RealMythos aims to publicly reconstruct Claude Mythos as an open cybersecurity reasoning stack, addressing the concentration of advanced security tools behind proprietary gates. It provides datasets, models, and infrastructure for researchers, defenders, and educators to build, inspect, and improve security reasoning systems, promoting fairness and broader usability.

How It Works

The project follows a staged, layered approach to reconstruct a security reasoning architecture: real vulnerability data -> reasoning dataset -> open security reasoning model -> reproducible environments -> multi-agent trace collection. This deliberate staging allows the community to inspect and improve each layer, starting with data and progressing to models and infrastructure, fostering transparency and reproducibility.

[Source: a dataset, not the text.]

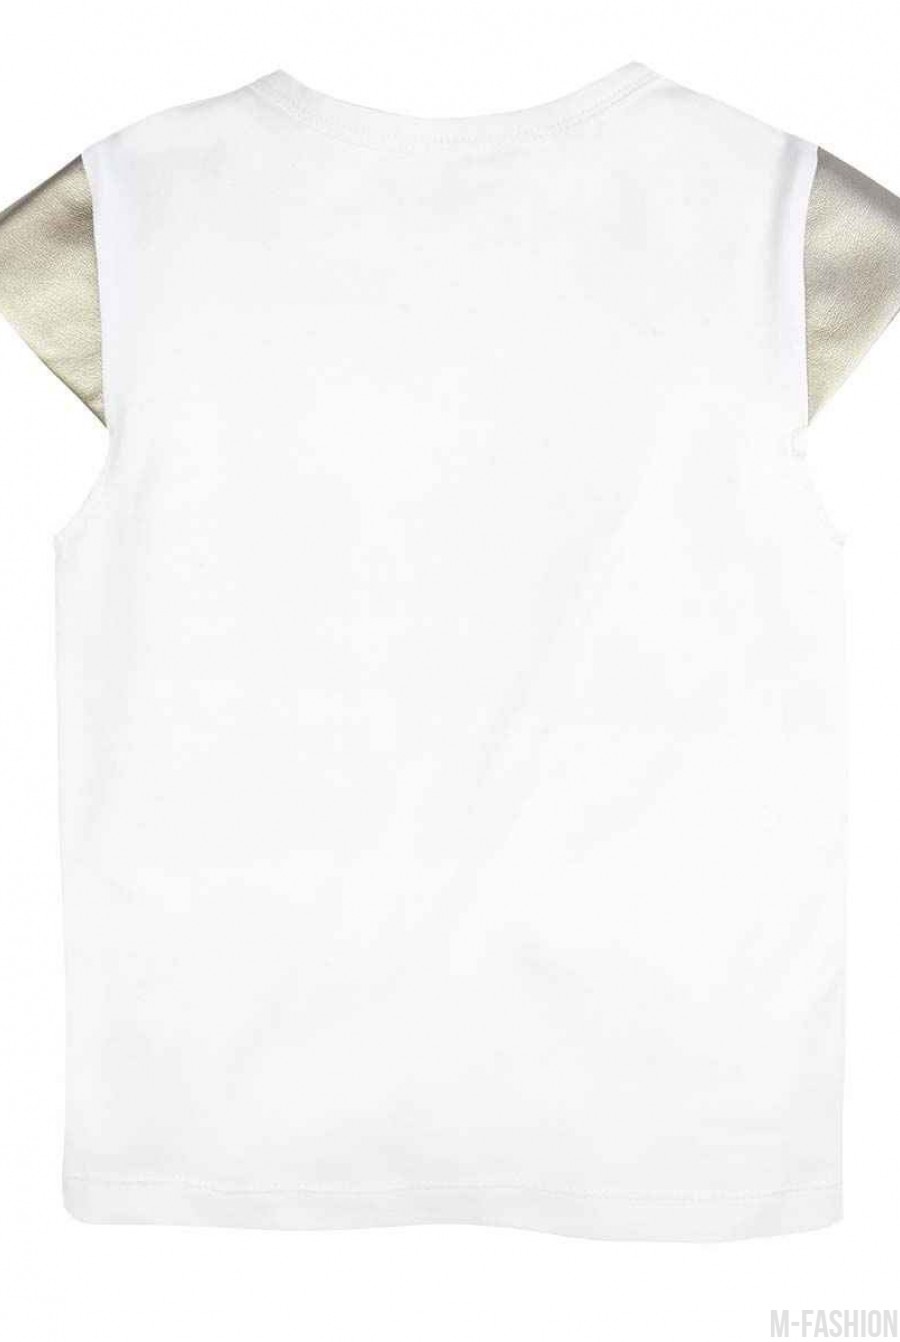 Трикотажная белая футболка с короткими золотистыми рукавами из эко-кожи и с возможностью индивидуальной печати цифры (1-4) на принте- Фото 5

Quick Start & Requirements

• Stage 1 Dataset: Available on Hugging Face (RealMythos/RealMythosReasoning).
• Stage 2 Model: pocwriter-v1 available on Hugging Face (RealMythos/pocwriter-v1).
• Reproducibility Code: Pipeline for Stage 1 dataset is in stage1-dataset/pipeline/.
• Prerequisites: Python environment for pipeline execution. The pocwriter-v1 model is a fine-tune of Qwen/Qwen3.5-9B.
• Links:
  • Dataset: https://huggingface.co/RealMythos/RealMythosReasoning
  • Model: https://huggingface.co/RealMythos/pocwriter-v1
  • Roadmap: ROADMAP.md

Highlighted Details

• Stage 1 Dataset: Contains 6,159 CVE-linked C/C++ security reasoning records derived from real-world vulnerabilities, focusing on root cause, impact, and Proof-of-Concept (PoC) generation. It emphasizes patch-unaware reasoning and includes quality signals.
• Stage 2 Model (pocwriter-v1): A full-parameter supervised fine-tune of Qwen3.5-9B on the Stage 1 dataset, specialized for C/C++ vulnerability analysis and assisting with PoC drafting.
• Staged Release Philosophy: Artifacts are released in layers (data, models, environments, traces) to enable community inspection, reproduction, and iterative improvement.
• Research Lineage: Builds upon prior work in real-world vulnerability collection (Reef) and API-guided dataset synthesis.

Maintenance & Community

RealMythos is an independent open project developed by its authors in their personal capacity, not affiliated with Anthropic or other Mythos-branded projects. Key contributors include Zongjie Li (Project lead), Liwen Wang, Chaozheng Wang, and Zimo Ji, with affiliations to HKUST and CUHK. No formal community channels (e.g., Discord, Slack) are indicated.

Licensing & Compatibility

The Stage 2 model (pocwriter-v1) is released under the Apache-2.0 license, which is permissive for commercial use. The license for the dataset is not explicitly stated but is intended for open research.

Limitations & Caveats

The pocwriter-v1 model is an early public checkpoint; its outputs require manual verification. Generated PoCs should strictly be used in authorized and controlled environments. Stages 3 (Reproducible software environments) and 4 (Scaffold-based trace collection) are still under development.